Remember that, say 4*4, is just 4 + 4 + 4 + 4. You're on the right track with a for-loop, but now make the loop iterate n times adding n to itself.
new = 0
for _ in range(n):
new += n
Note that this won't work with negative numbers. If you're going to be dealing with those, perhaps get the absolute value of n at the beginning:
def square(n):
n = abs(n)
....
Since you have been told you have to get the answer by producing the first n odd numbers, then you need to think about how to do that - certainly your loop isn't doing that :
several issues :
you do odd =1, and then use odd in your for loop, the two can't co-exist, so the initial value of odd = 1 is overwritten.

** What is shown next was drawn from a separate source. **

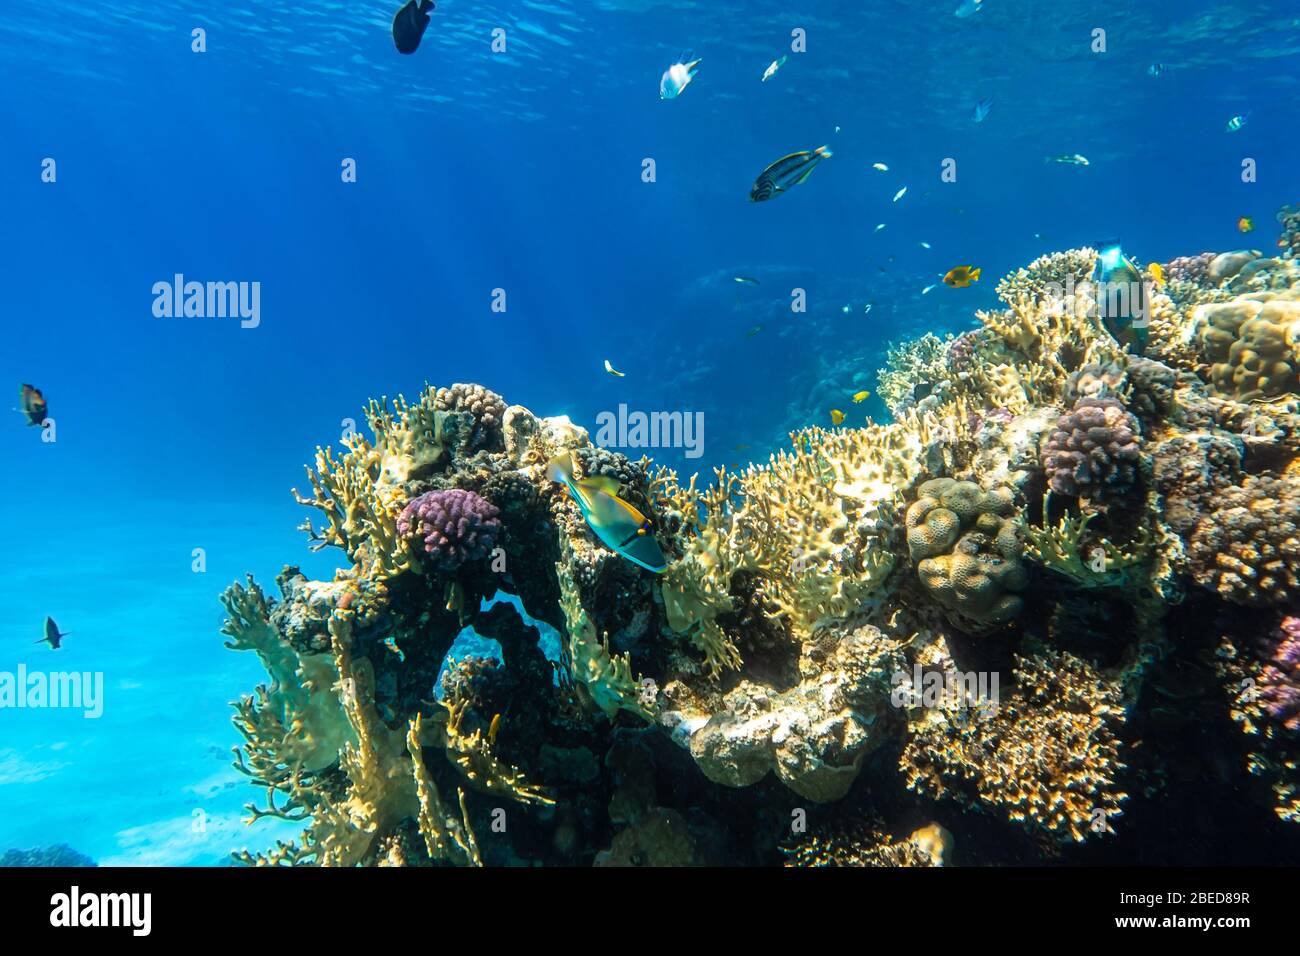 Coral Reef And Tropical Fish In Red Sea, Egypt. Blue Turquoise Clear Ocean Water, Hard Corals And Rock In The Depths, Sun Rays Shining Through Water S Stock Photo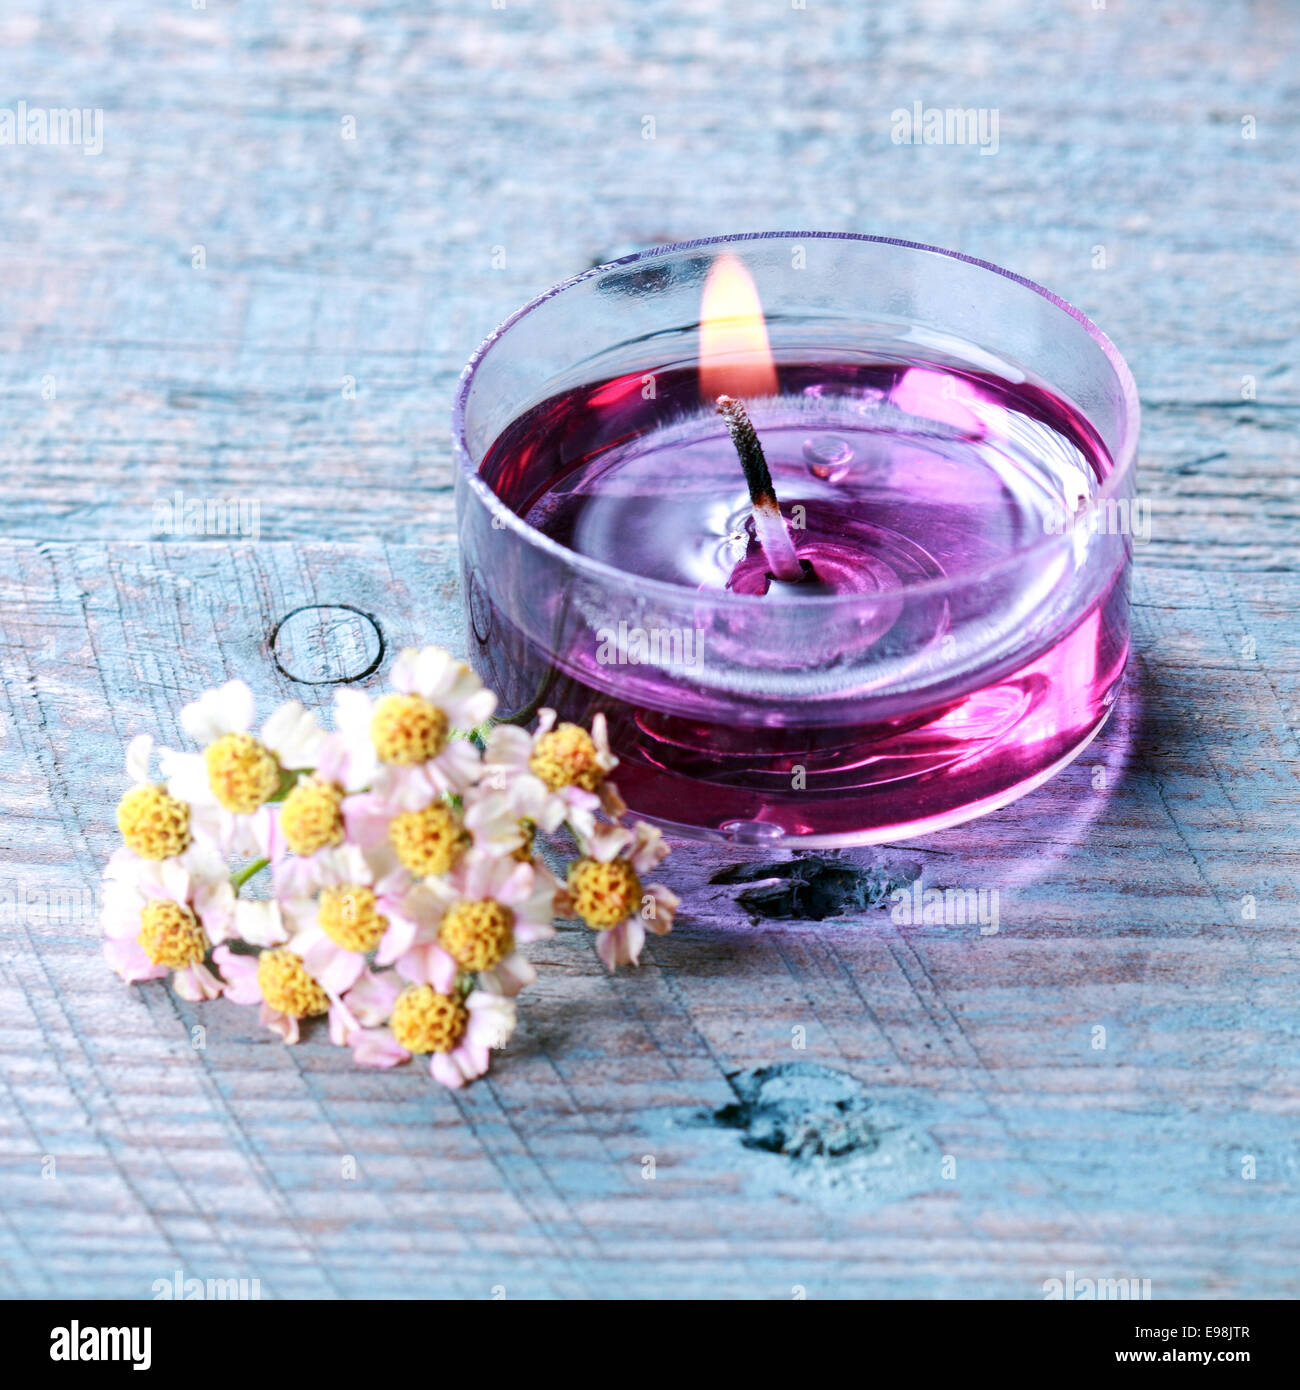 Aromatherapy spa concept with fresh white summer blossoms alongside a fragrant translucent purple burning candle with plant extracts and essential oils Stock Photo

Your loop doesn't produce the first n odd numbers that I can see.
My suggest would be to rework your loop : the first 'n' odd numbers are in the form :
1, 3, 5, ... n*2-1
(Counting from 1 not from zero)
so a loop like this :
final = 0
for c in range(1, n+1): #start counting from 1 to do 1 to n+1
odd = c*2 -1 #Use the series above to generate each odd number.
final += odd
should work
a much more 'pythonic' way to do this is :
final = sum(c*2-1 for c in range(1,n))
This uses a generator to create all of the odd numbers (the equivalent of the loop), and sum the values as they get created.
Go back to the original definition of multiplication.
Just add the number n to itself n times. What's so hard? It's inefficient has hell, but it'll work.
I'm sure there's a more Pythonic way:
def square(n):
sum = 0
for i in range(0,n):
sum = sum + n
return sum